Yay for being back in the gym! I'm not sure how sumo DLs work either, they're perpetually confusing to me. Conventional just feels smoother. 

 

16 hours ago, scalyfreak said:

I've been watching live streams of the Powerlifting Worlds Championship this week, and it's fascinating for me to watch and try to figure out why some lifters choose to do a sumo deadlift, and other lifters do a conventional. So far, the only pattern I've been able to find is... none. It's almost like it's a matter of personal preference or something :P

 

When I was checking out some videos on the subject, one suggestion was "this might be better for people with long legs" which completely makes sense. Legs closer together means your butt sticks out more and your back is at a more horizontal-leaning angle. If your legs are long, your bottom is way out behind you. Sumo stance means your butt stays closer to the bar and your back starts and finishes closer to vertical.

 

I on the other hand have short legs and a long torso, so my long ass back has to be almost perpendicular to the ground for the entire lift in sumo.

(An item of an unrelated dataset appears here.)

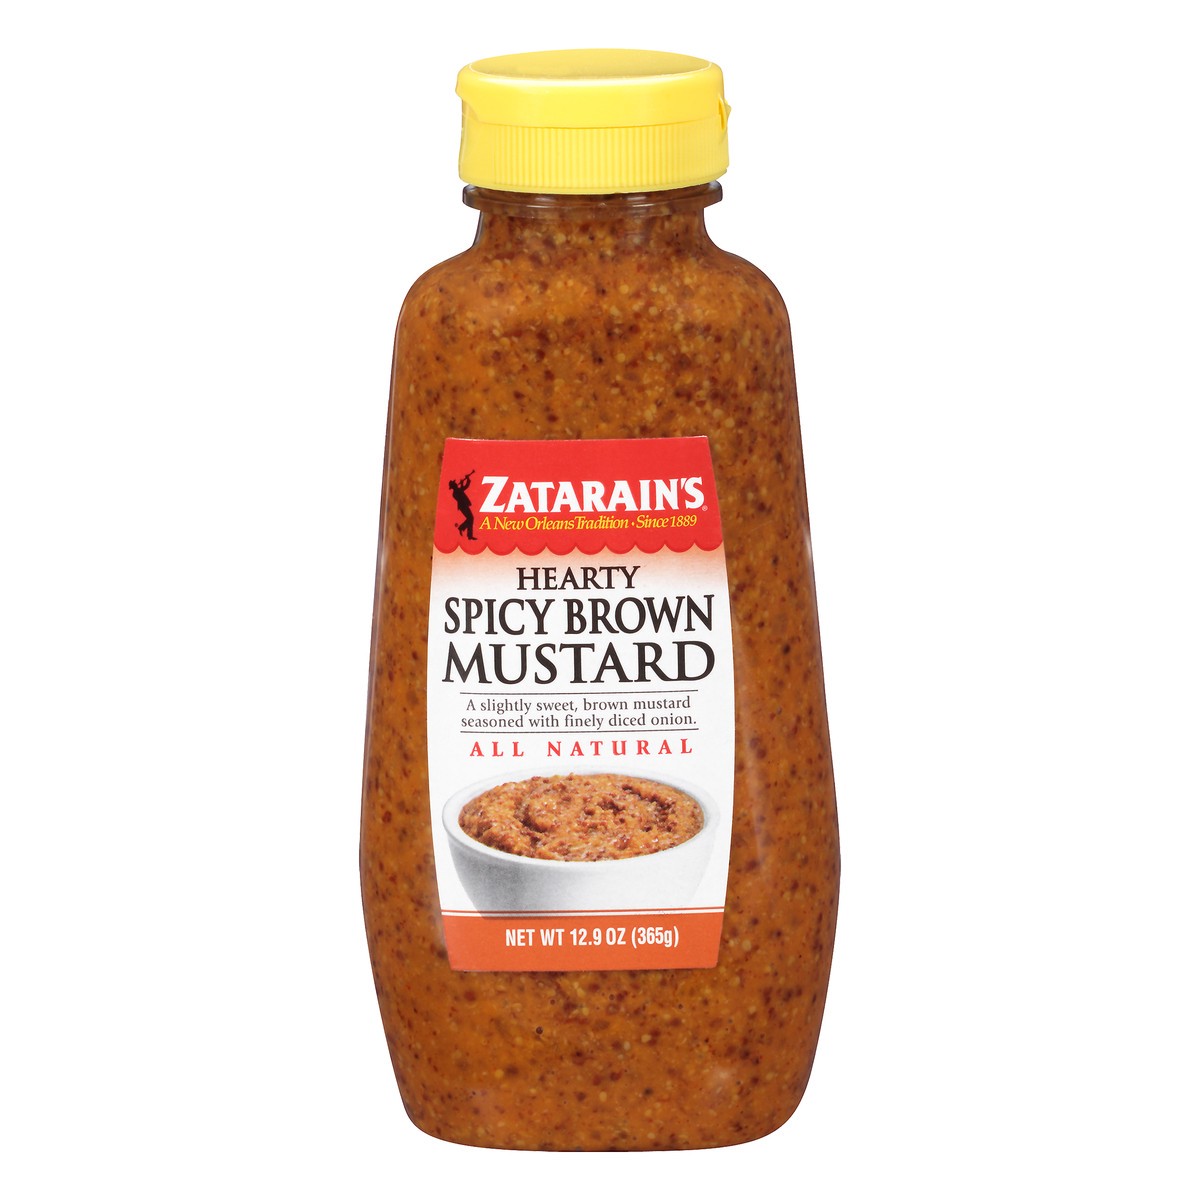 slide 1 of 10, Zatarain's Mustard Hearty Spicy Brown Mustard, 12.9 Oz, 12.9 oz

This feels pretty awkward compared to the "normal" feeling I get from conventional because even in a conventional stance my short levers aren't forcing my butt out as far and therefore not forcing my back to be at a dramatic angle.

 

That's just the feeling I got from one video and noodling on the subject a bit so I'm not sure how technically correct any of that is. If anyone wants to jump in and correct me, be my guest.

 

I don't really have an update for Thursday. I went out to support my friends that made a (really damn good) short film in 48 hours for this competition. I ate a cheeseburger and went out for a margarita or 2 after the screening. I didn't get enough sleep, but as has been the theme for most of this challenge, the name of the game is mostly survival for the next few days as I go to weddings and perform some hard labor in my and other peoples' yards. The Christian god rests on Sundays, but the Allfather never rests. Skål!!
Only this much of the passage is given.